Glasses askew and gray hair tousled, Scott Rozelle jumps into a corral filled with rubber balls and starts mixing it up with several toddlers. The kids pelt the 62-year-old economist with balls, and squealing, jump onto his lap. As the battle rages, Rozelle chatters in Mandarin with mothers and grandmothers watching the action. 

Elsewhere in this early childhood education center in central China, youngsters are riding rocking horses, clambering on a jungle gym, thumbing through picture books, or taking part in group reading. Once a week, caregivers get one-on-one coaching on how to read to toddlers and play educational games.
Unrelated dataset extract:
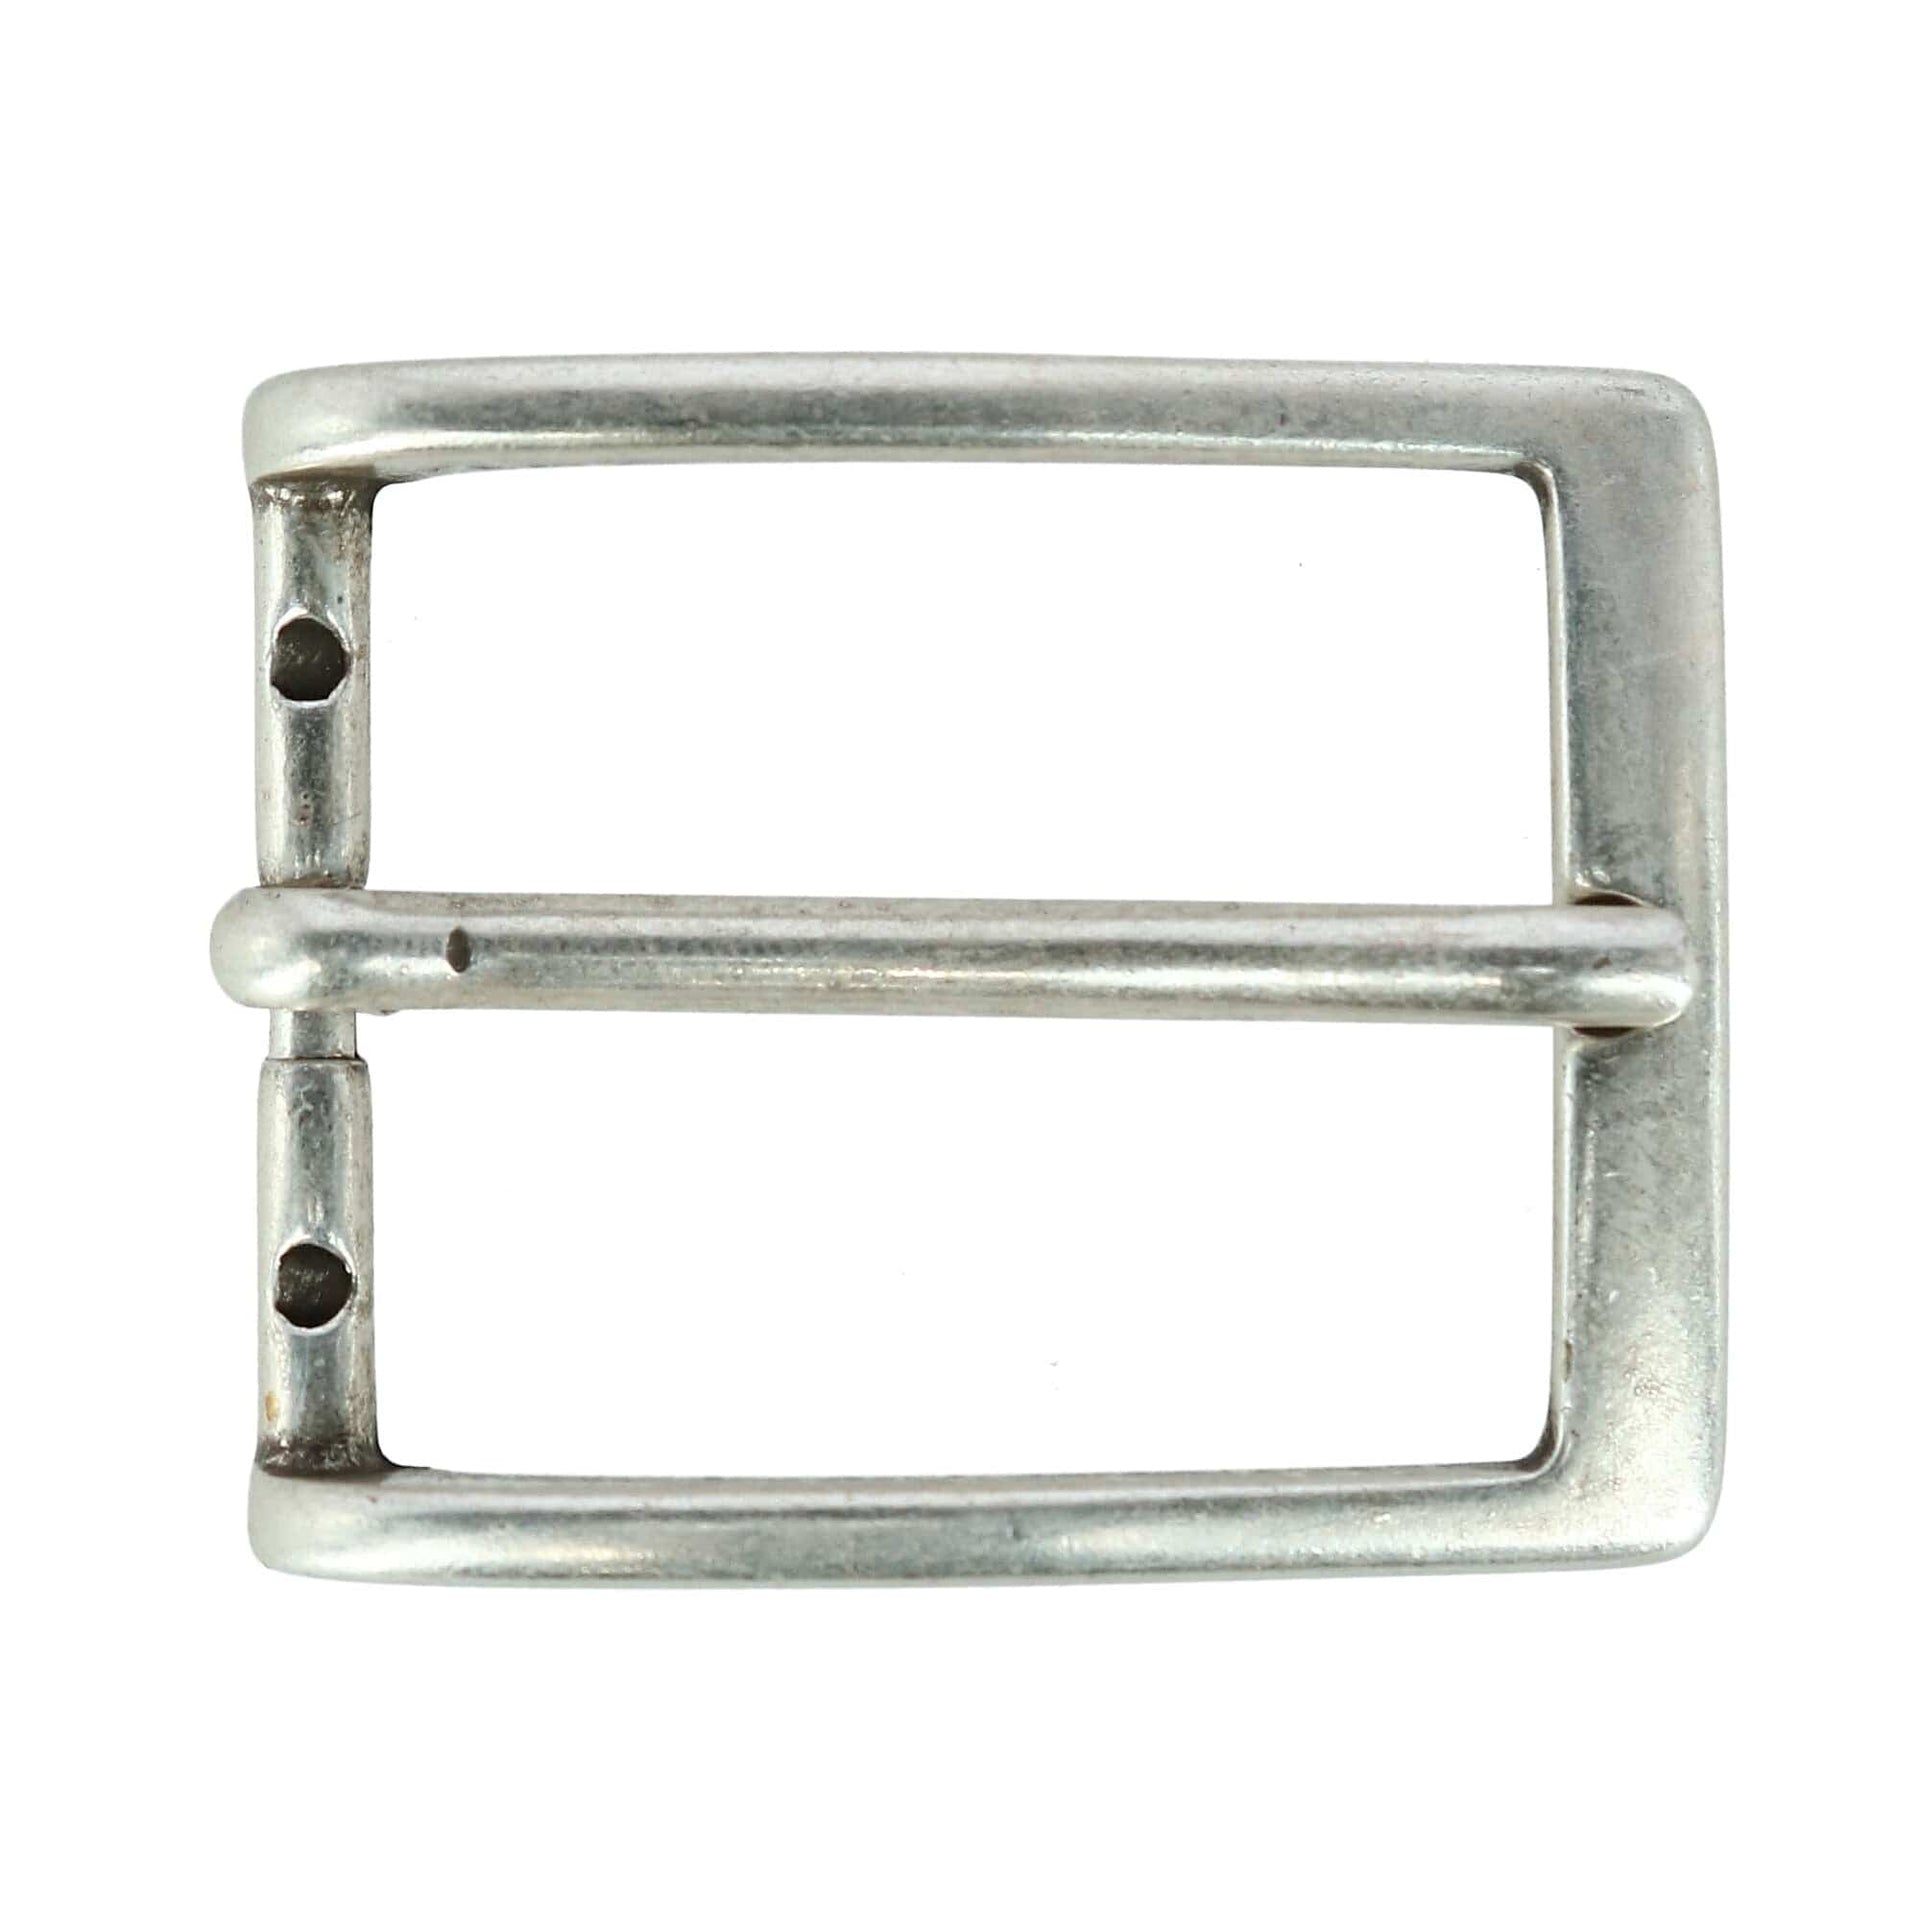 32mm Simply Stated Single Pronged Solid Brass Harness Belt Buckle

The center is part of an ambitious experiment Rozelle is leading that aims to find solutions to what he sees as a crisis of gargantuan proportions in China: the intellectual stunting of roughly one-third of the population. "This is the biggest problem China is facing that nobody's ever heard about," says Rozelle, a professor at Stanford University in Palo Alto, California.

Surveys by Rozelle's team have found that more than half of eighth graders in poor rural areas in China have IQs below 90, leaving them struggling to keep up with te fast-paced official curriculum. A third or more of rural kids, he says, don't complete junior high. Factoring in the 15% or so of urban kids who fall at the low end of IQ scores, Rozelle makes a stunning forecast: About 400 million future working-age Chinese, he says, "are in danger of becoming cognitively handicapped."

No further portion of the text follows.